[Records excerpted from a collection]
=== Section Start ===

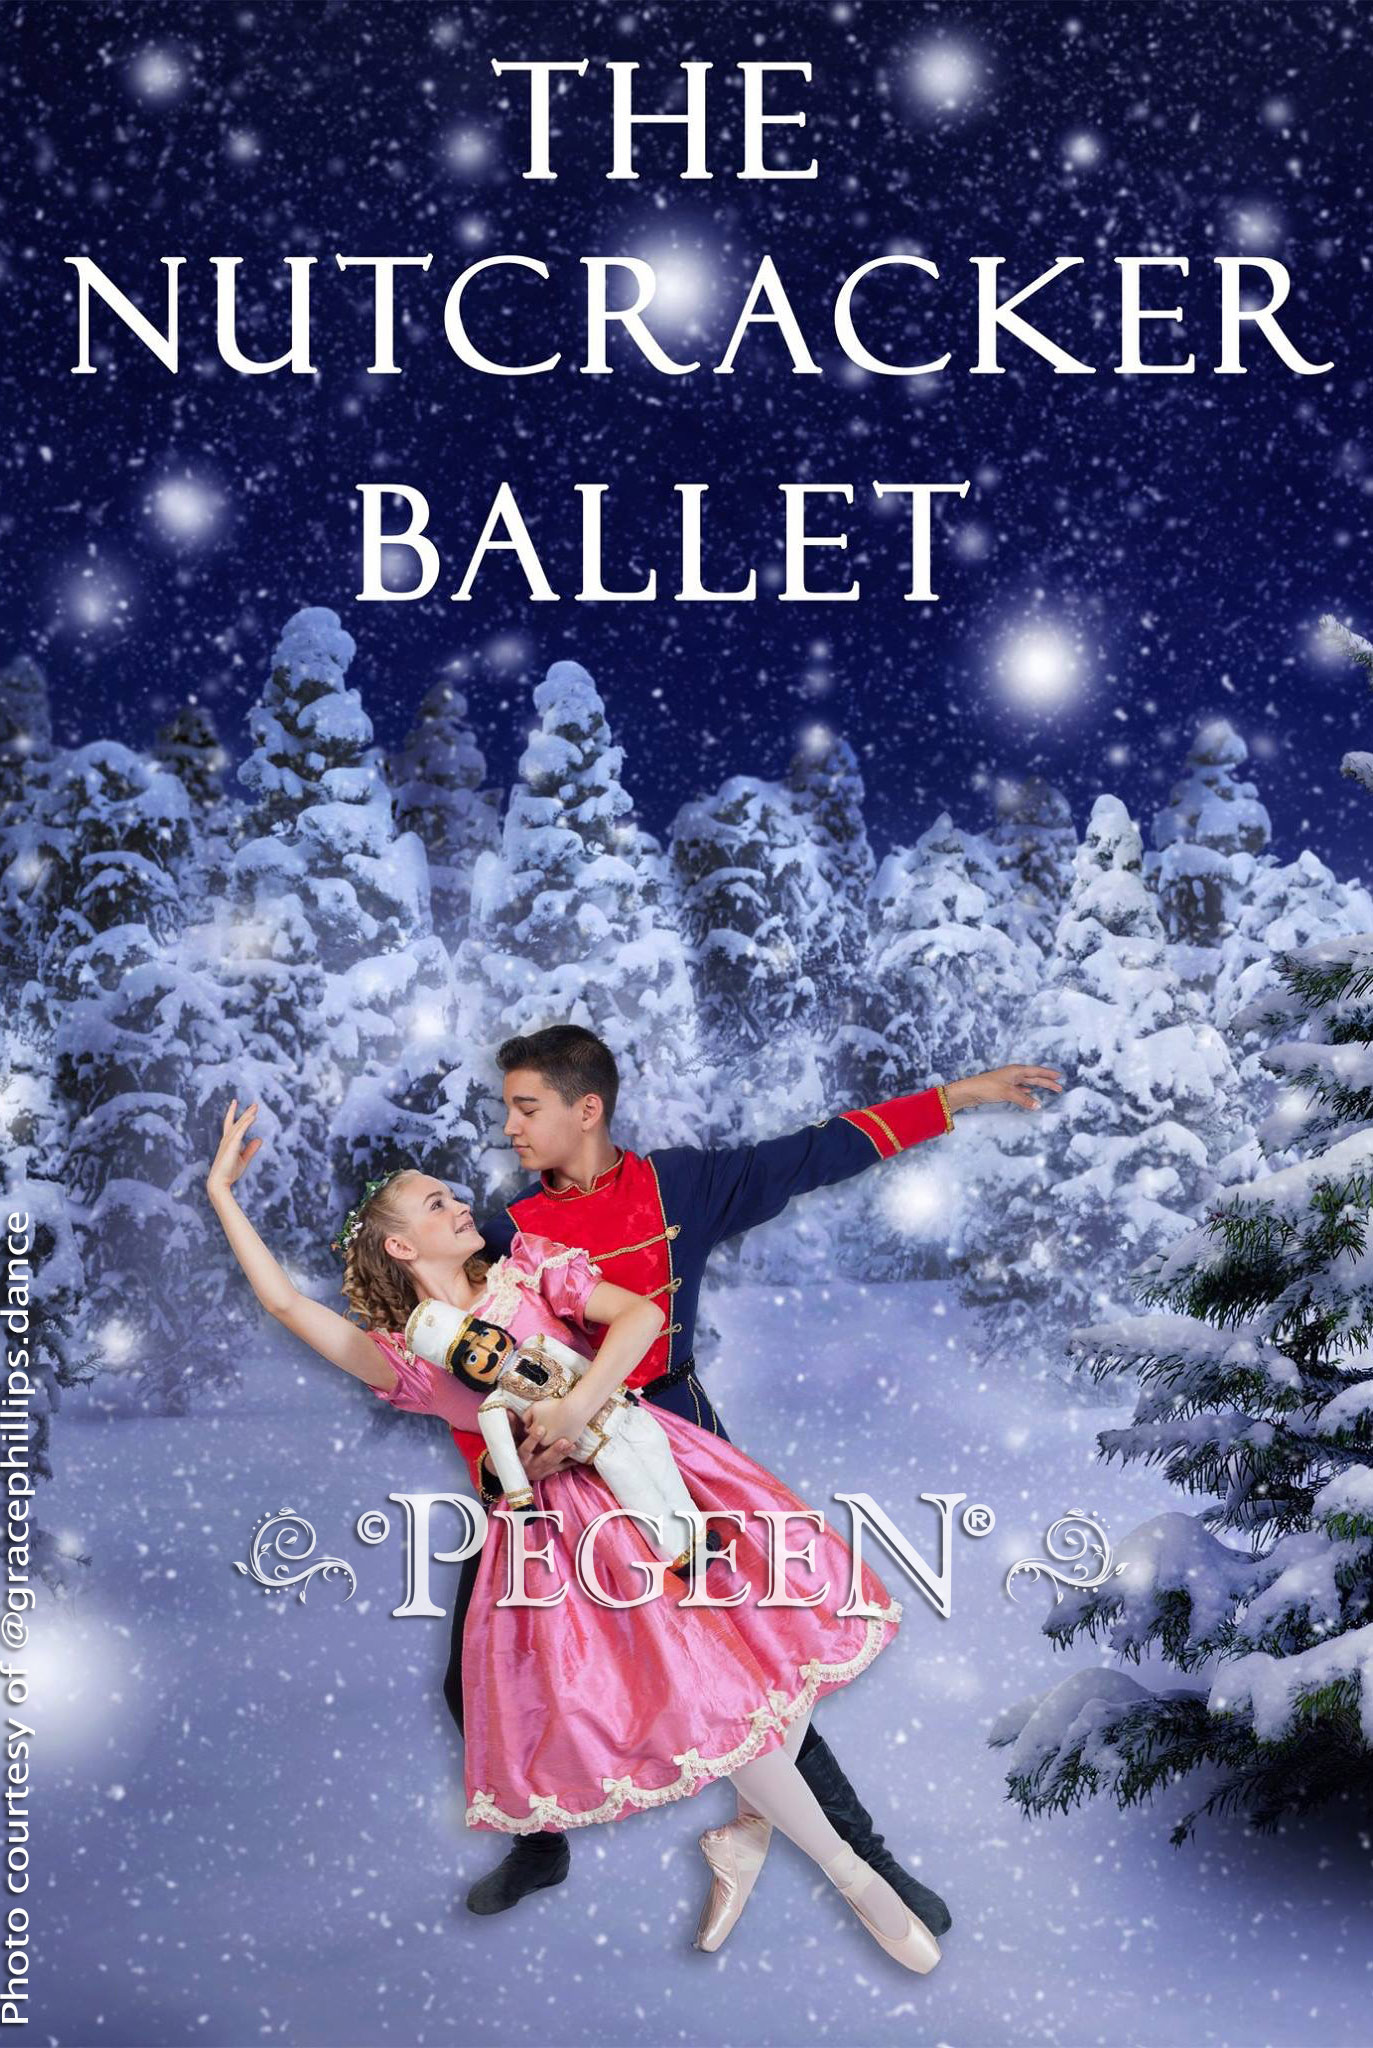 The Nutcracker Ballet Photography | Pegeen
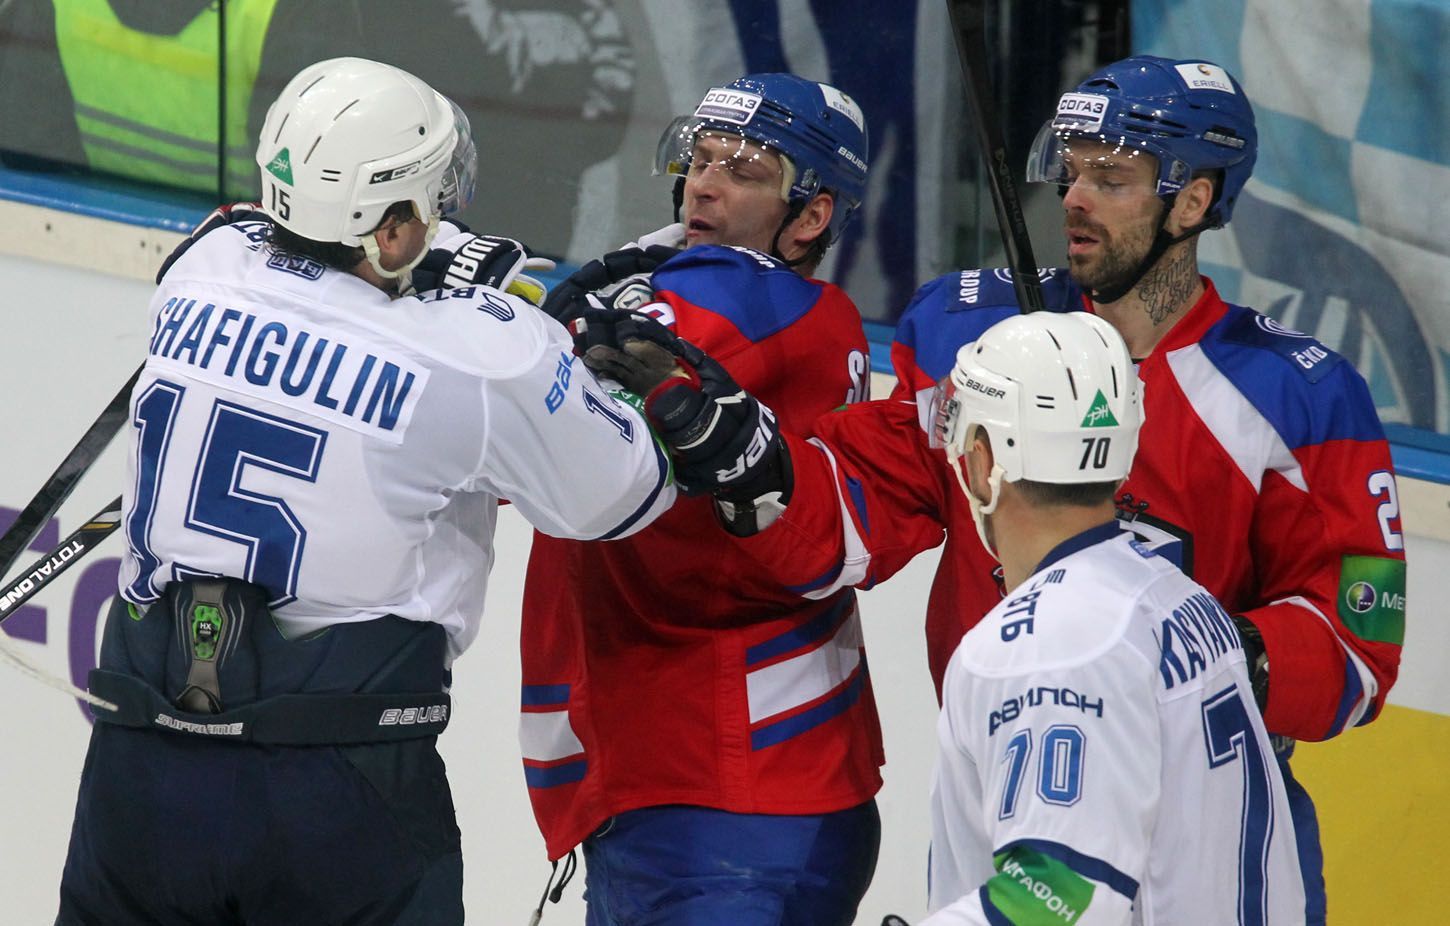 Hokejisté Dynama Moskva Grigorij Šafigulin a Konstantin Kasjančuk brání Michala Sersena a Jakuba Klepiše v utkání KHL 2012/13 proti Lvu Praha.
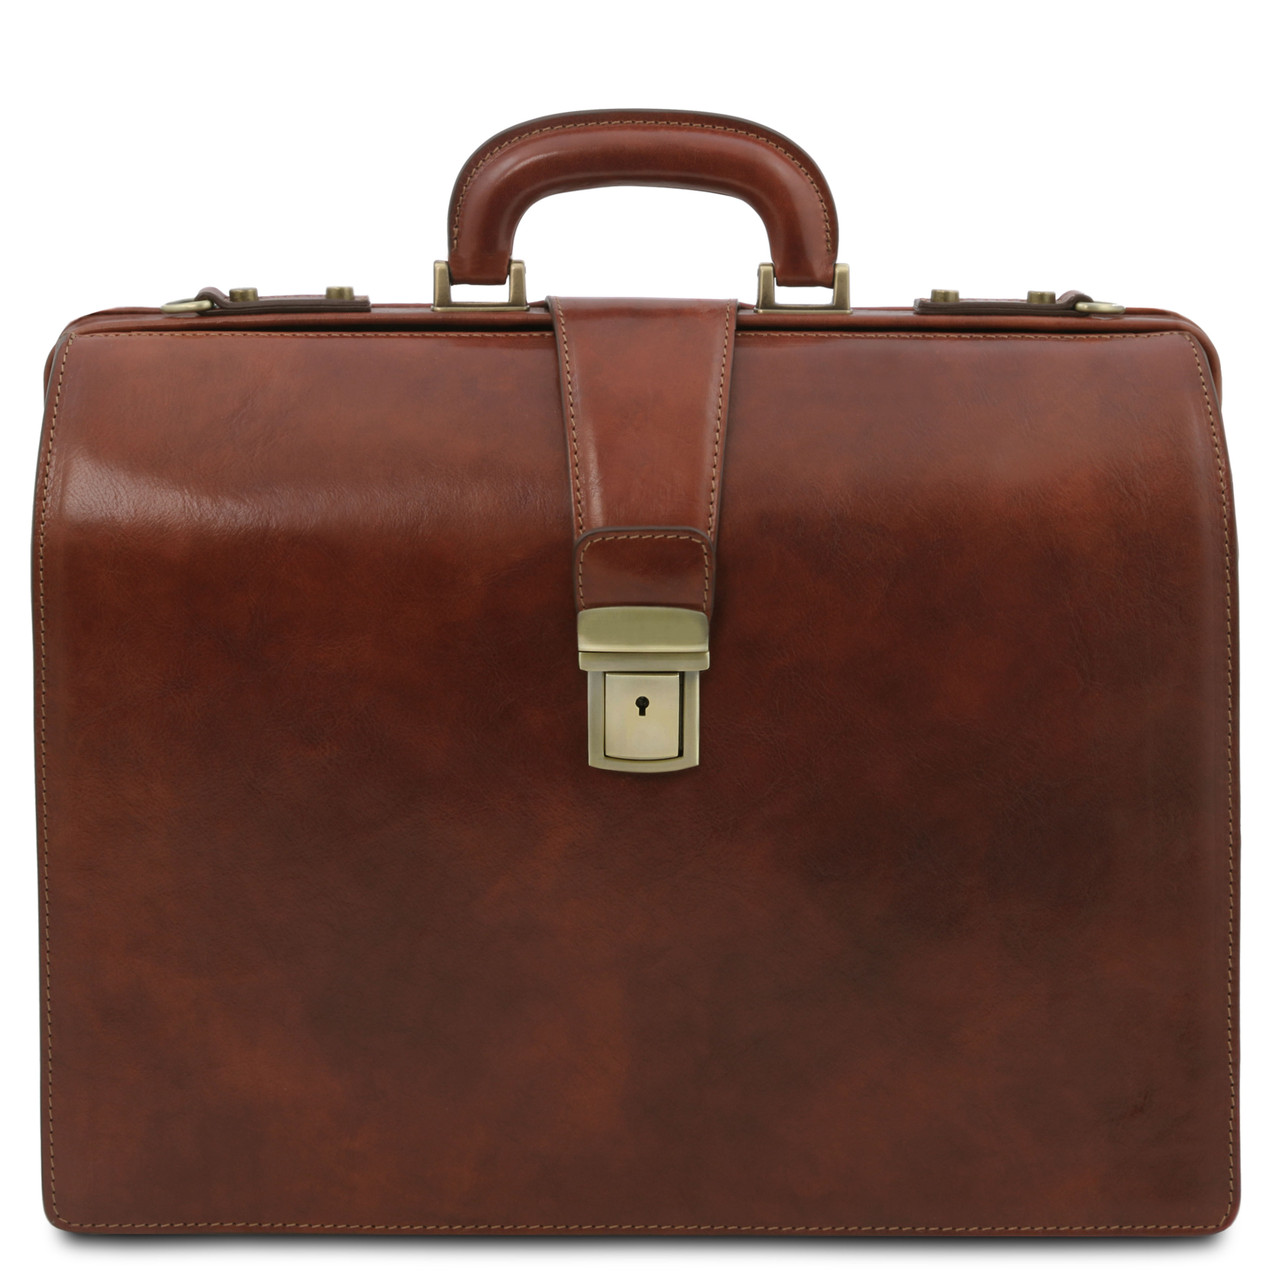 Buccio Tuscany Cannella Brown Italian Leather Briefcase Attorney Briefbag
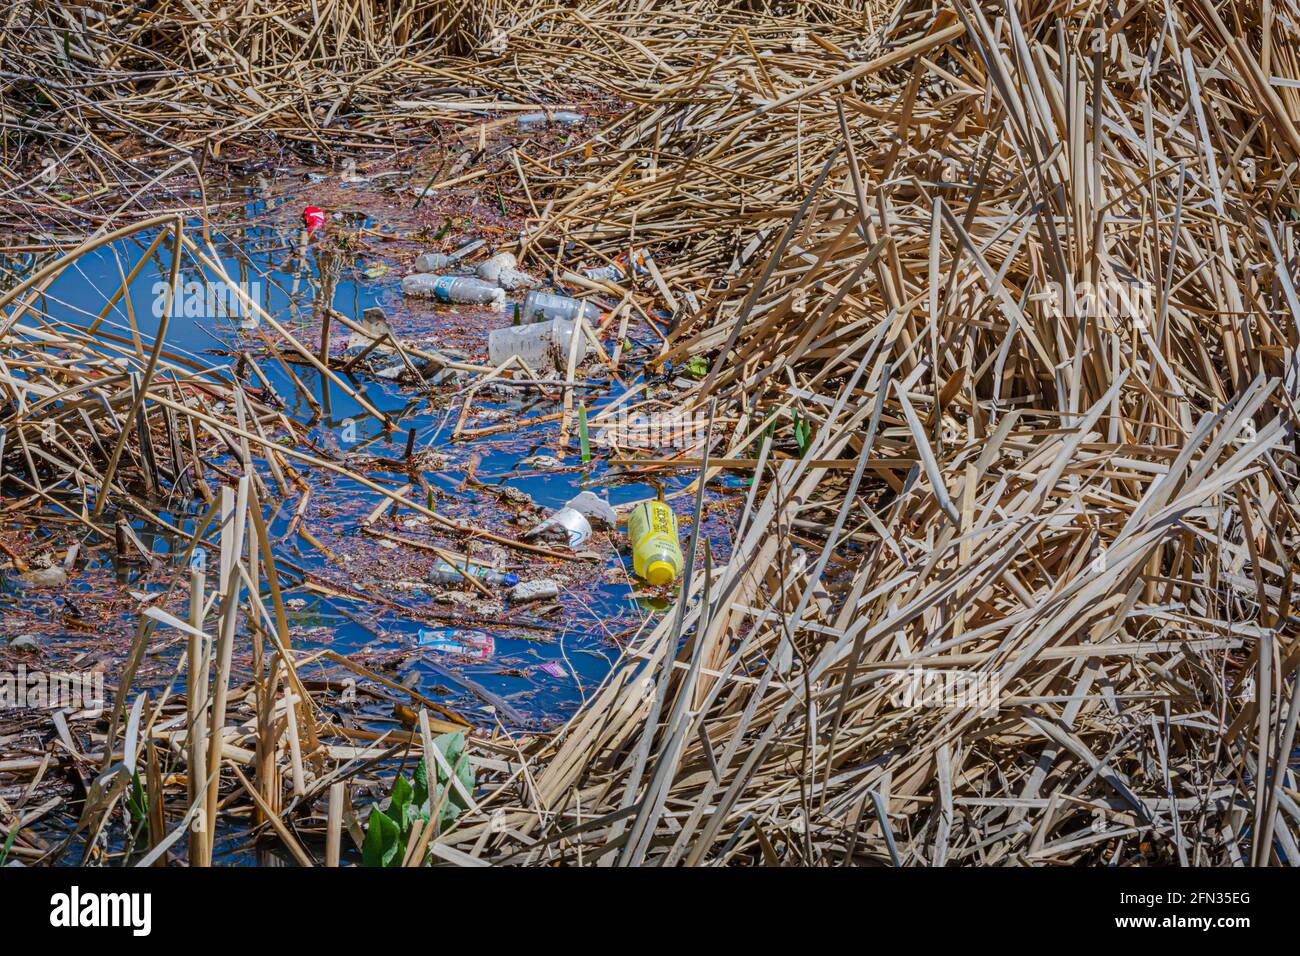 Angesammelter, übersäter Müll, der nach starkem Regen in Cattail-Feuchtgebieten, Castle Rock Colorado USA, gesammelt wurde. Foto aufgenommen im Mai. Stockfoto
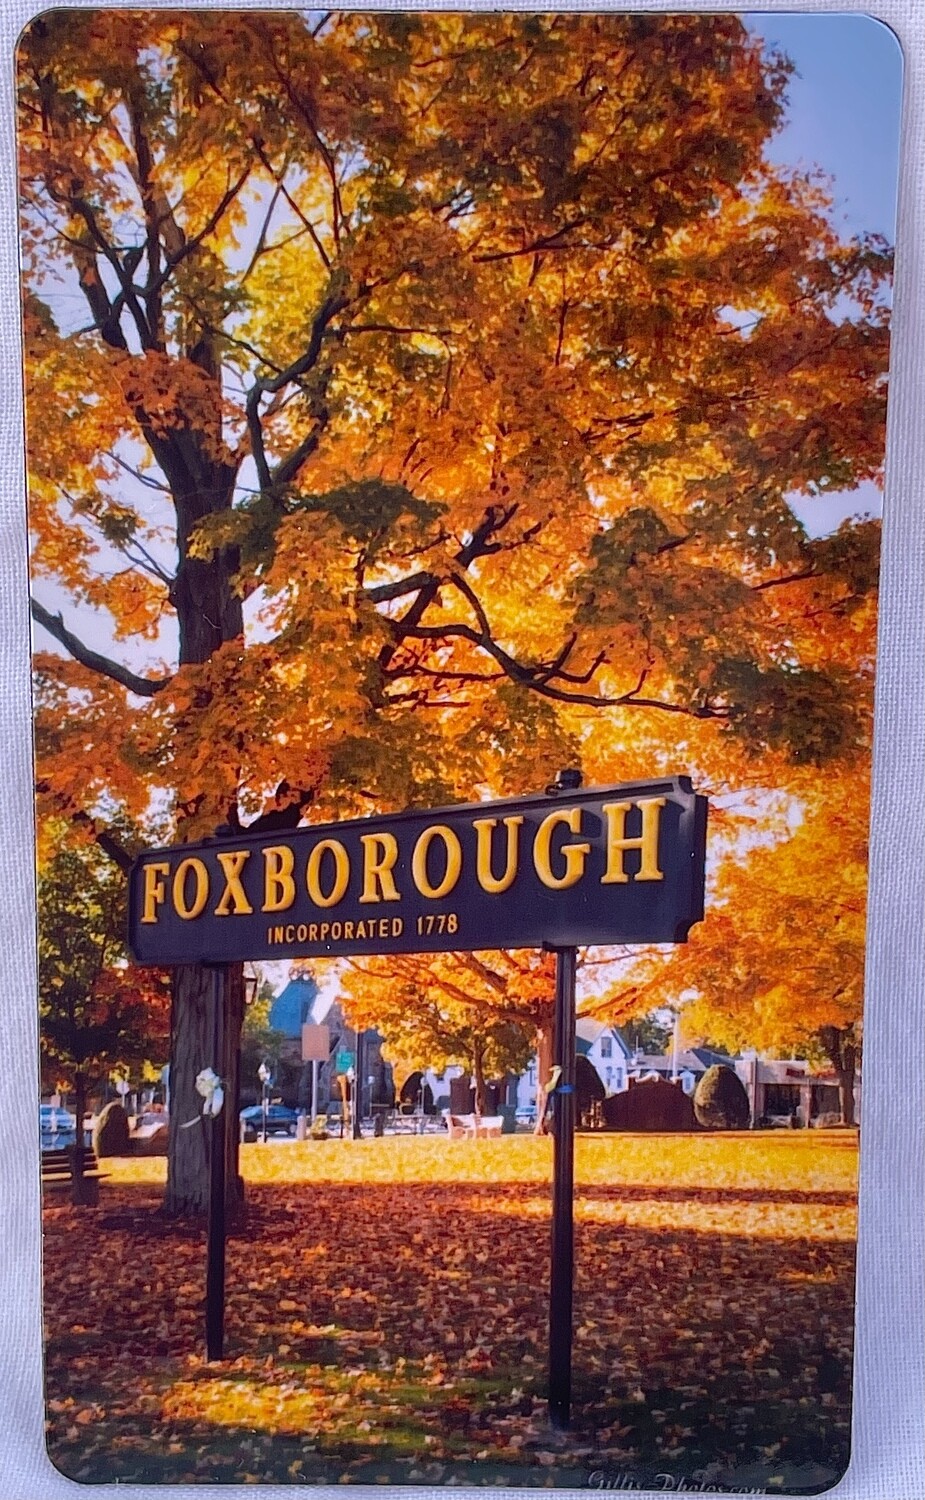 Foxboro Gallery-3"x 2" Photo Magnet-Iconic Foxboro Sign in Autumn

=== Section End ===

> **TO DO**
Pictures aside, reproduce every record exactly as it stands.

> **RESULT OF THIS TASK**
 The Nutcracker Ballet Photography | Pegeen
 Hokejisté Dynama Moskva Grigorij Šafigulin a Konstantin Kasjančuk brání Michala Sersena a Jakuba Klepiše v utkání KHL 2012/13 proti Lvu Praha.
 Buccio Tuscany Cannella Brown Italian Leather Briefcase Attorney Briefbag
 Angesammelter, übersäter Müll, der nach starkem Regen in Cattail-Feuchtgebieten, Castle Rock Colorado USA, gesammelt wurde. Foto aufgenommen im Mai. Stockfoto
 Foxboro Gallery-3"x 2" Photo Magnet-Iconic Foxboro Sign in Autumn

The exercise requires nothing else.